2.0 Why a Constitution Lists Rights
A constitution does more than describe the offices of government. As we saw in Chapter 1, it places limits on what the government can do, and it guarantees citizens the basic conditions of a dignified life. Part III of the Constitution of India is the place where these guarantees are written down. It lists the Fundamental Rights? of every citizen, and it also marks out the limits within which these rights operate.
Over the past six decades, the meaning of rights in India has changed. Some have been narrowed by amendments; many more have been widened by court judgments. By the end of this chapter you will be able to answer four questions:
2.1 The Importance of Rights — Two Real Stories
Two real episodes from Indian history show why having a written list of rights matters — and what happens when those rights are not enforced in time.
2.1.1 The Asian Games Construction Workers (1982)

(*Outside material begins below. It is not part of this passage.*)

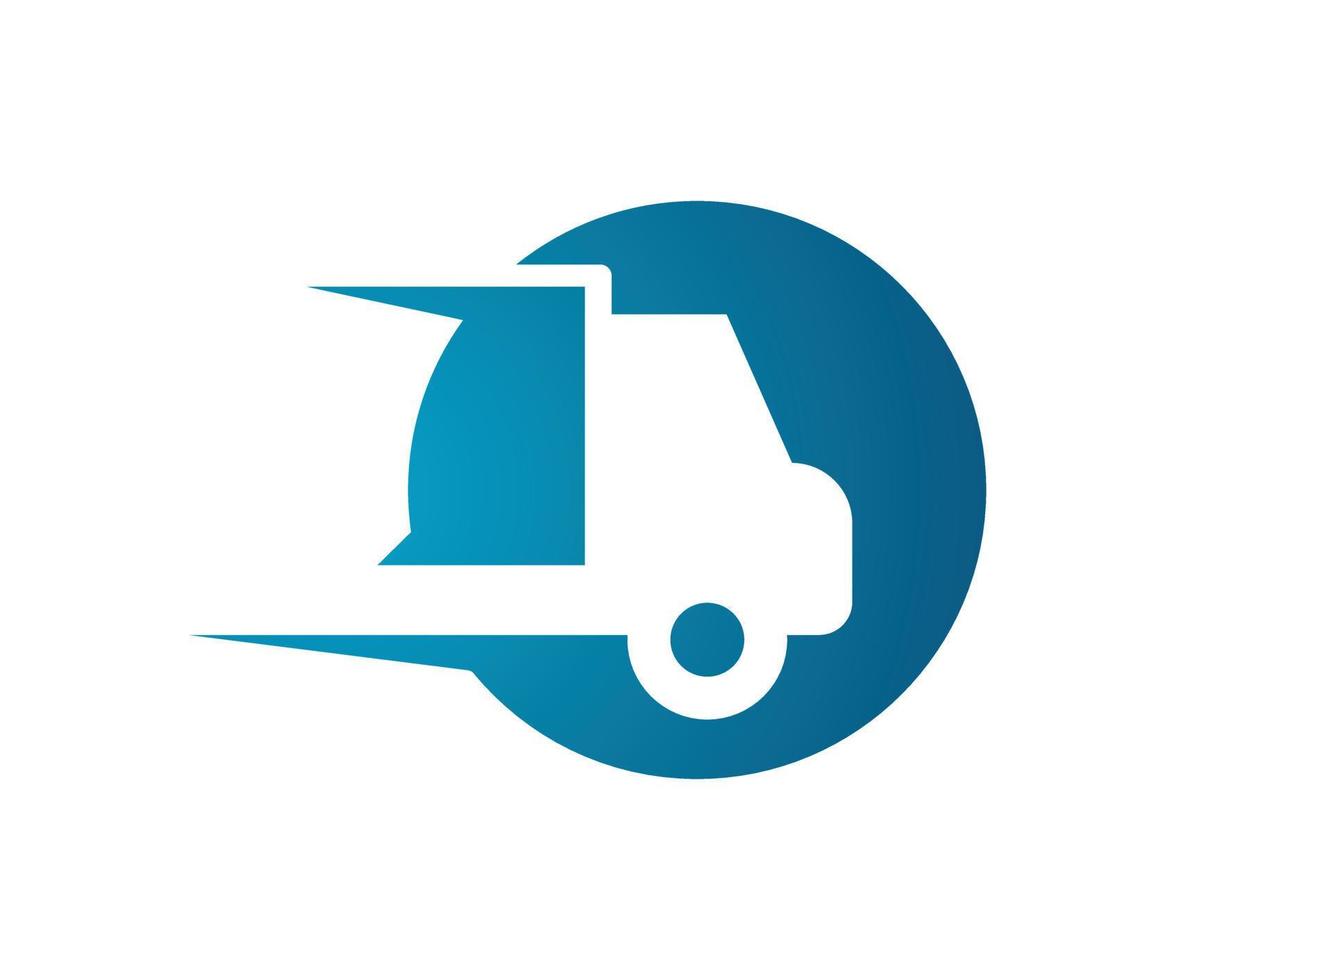 moderno consegna servizio logo illustrazione isolato vettore

When New Delhi hosted the Asian Games in 1982, the government engaged contractors to build the flyovers, stadiums and accommodation needed for the event. The contractors brought in thousands of very poor workers from many parts of the country. These migrant workers were housed in poor conditions on the construction sites and were paid less than the minimum wages that the government had itself fixed.
A team of social scientists studied their plight and approached the Supreme Court. Their argument was constitutionally sharp: making a person work for less than the legally fixed minimum wage amounts to begar? — or forced labour — which is expressly prohibited by Article 23, the Fundamental Right against exploitation. The Court accepted the plea. It directed the government to ensure that the workers received the prescribed wages for the work they had done. Their constitutional right against exploitation gave them justice.
2.1.2 Machal Lalung — 54 Years in Custody
Machal Lalung was 23 when he was arrested in Chuburi village of Morigaon district, Assam. He had been charged with causing grievous injuries. Found mentally too unstable to stand trial, he was sent as an under trial to the Lok Priya Gopinath Bordoloi Mental Hospital in Tezpur. He was treated and recovered. In 1967, and again in 1996, the doctors wrote to the jail authorities saying he was now fit to stand trial.
No one paid any attention. Machal Lalung continued to live in “judicial custody” while paperwork moved — or did not move — between offices. He was finally released in July 2005 after a team appointed by the National Human Rights Commission inspected undertrials in the State. He was 77 by then. He had spent 54 years in custody without a hearing.
What if Machal Lalung had been a wealthy and well-connected man? What if the Asian Games workers had been engineers rather than migrant labourers? Would their constitutional rights have been violated for so long? Discuss in pairs and write a 6-line response.
2.2 What is a Bill of Rights?
Both the Asian Games case and Machal Lalung’s release show why having rights on paper matters and why their actual implementation matters even more. A democracy must guarantee certain rights to every individual, and the government itself must promise to respect them. To make this promise concrete, most democratic countries write the rights of citizens into the constitution itself.
From whom does a constitution protect the individual? Two sources of threat must be guarded against:
- Other private actors — another individual or a private organisation may threaten a person’s rights. In such cases, the government must intervene to protect the citizen.
- The organs of government themselves — the legislature, the executive, the bureaucracy, even the judiciary, can in the course of their working violate the rights of a citizen. The bill of rights binds the state itself.
2.3 Fundamental Rights in the Indian Constitution
During the freedom movement, our leaders had already understood the importance of rights. They demanded that the British rulers respect the rights of Indians. As far back as 1928, the Motilal Nehru Committee had drafted a bill of rights for India. So when independence came in 1947 and the Constitution was being prepared, there were no two opinions about including a strong bill of rights. The Constitution listed the rights deserving special protection and called them Fundamental Rights.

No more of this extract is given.